Soft or uneven surfaces like sand, grass, or trail terrain also increase the effort. Your muscles work harder to stabilize each step and push off a surface that absorbs energy. You won’t find neat MET tables for every trail condition, but the effect is real and noticeable. If the same walk feels significantly harder, you’re burning more.

Walking vs. Running for the Same Time

Running typically burns about 30% more calories than walking for the same duration. If your 45-minute brisk walk burns 250 calories, a 45-minute jog at moderate pace would burn closer to 325 to 350. The gap exists because running has a higher MET value, meaning your body demands more oxygen per minute to sustain it.

The tradeoff is sustainability. Most people can walk briskly for 45 minutes without needing rest days or risking joint pain, which makes walking easier to do consistently. A daily 45-minute walk at 200 calories per session adds up to 1,400 calories per week, or roughly 6,000 per month. Consistency over time often matters more than intensity on any single day.

Why Your Fitness Tracker May Be Off

If you’re relying on a wearable to count your calories, take the number with a grain of salt. A study published in the Journal of Personalized Medicine tested seven popular fitness trackers, including the Apple Watch and Fitbit Surge, and found that while heart rate readings were accurate within about 5%, calorie estimates were off by an average of 27%. The least accurate device missed by 93%.

Most trackers overestimate calorie burn during walking specifically because their algorithms were calibrated on running and higher-intensity exercise. The MET-based formula above will give you a more reliable estimate. If your tracker says you burned 350 calories on a flat, moderate-pace walk and you weigh 155 pounds, the real number is probably closer to 200.
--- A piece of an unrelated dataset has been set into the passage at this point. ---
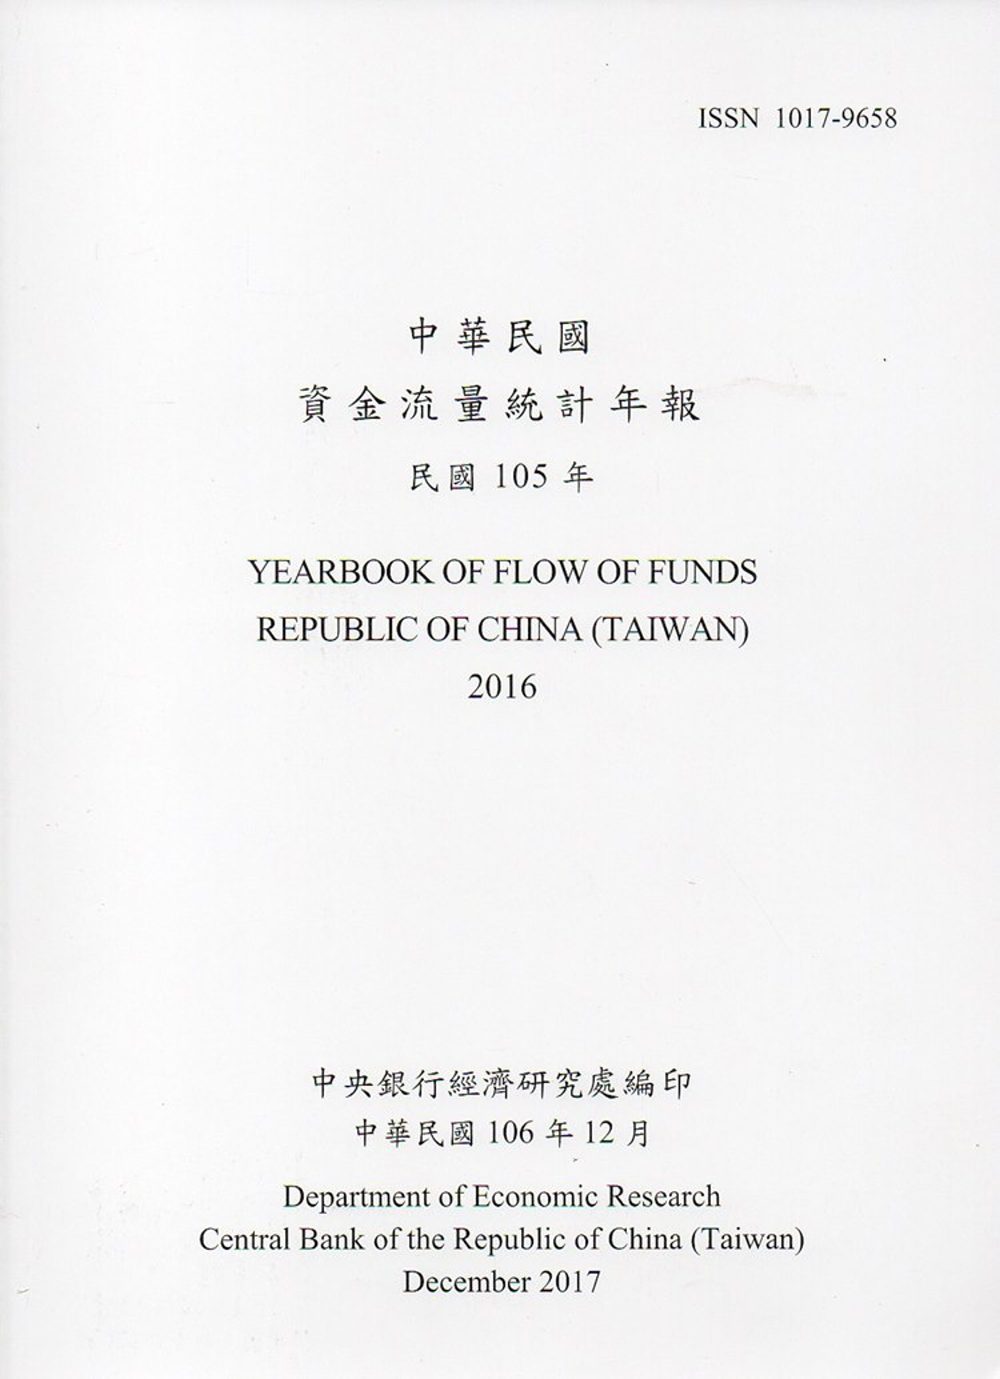 中華民國資金流量統計年報106年12月(民國105年)

Getting More Out of 45 Minutes

If you want to increase your calorie burn without extending your walk, you have three practical levers. Walking faster is the most direct. Bumping your pace from 3.0 to 3.5 mph increases the MET value from 3.8 to 4.8, a 26% jump in energy expenditure for the same 45 minutes.

Adding incline is the second lever, and it stacks with speed. A 45-minute walk at 3.5 mph on a 3% treadmill grade or a hilly route can push a 155-pound person past 300 calories without any change in pace. The third option is carrying extra load. A weighted vest or backpack adds to your effective body weight, and since the calorie formula multiplies directly by weight, an extra 20 pounds translates to a proportional increase in burn. Avoid carrying hand weights, which tend to change your gait and stress your shoulders without adding much calorie expenditure.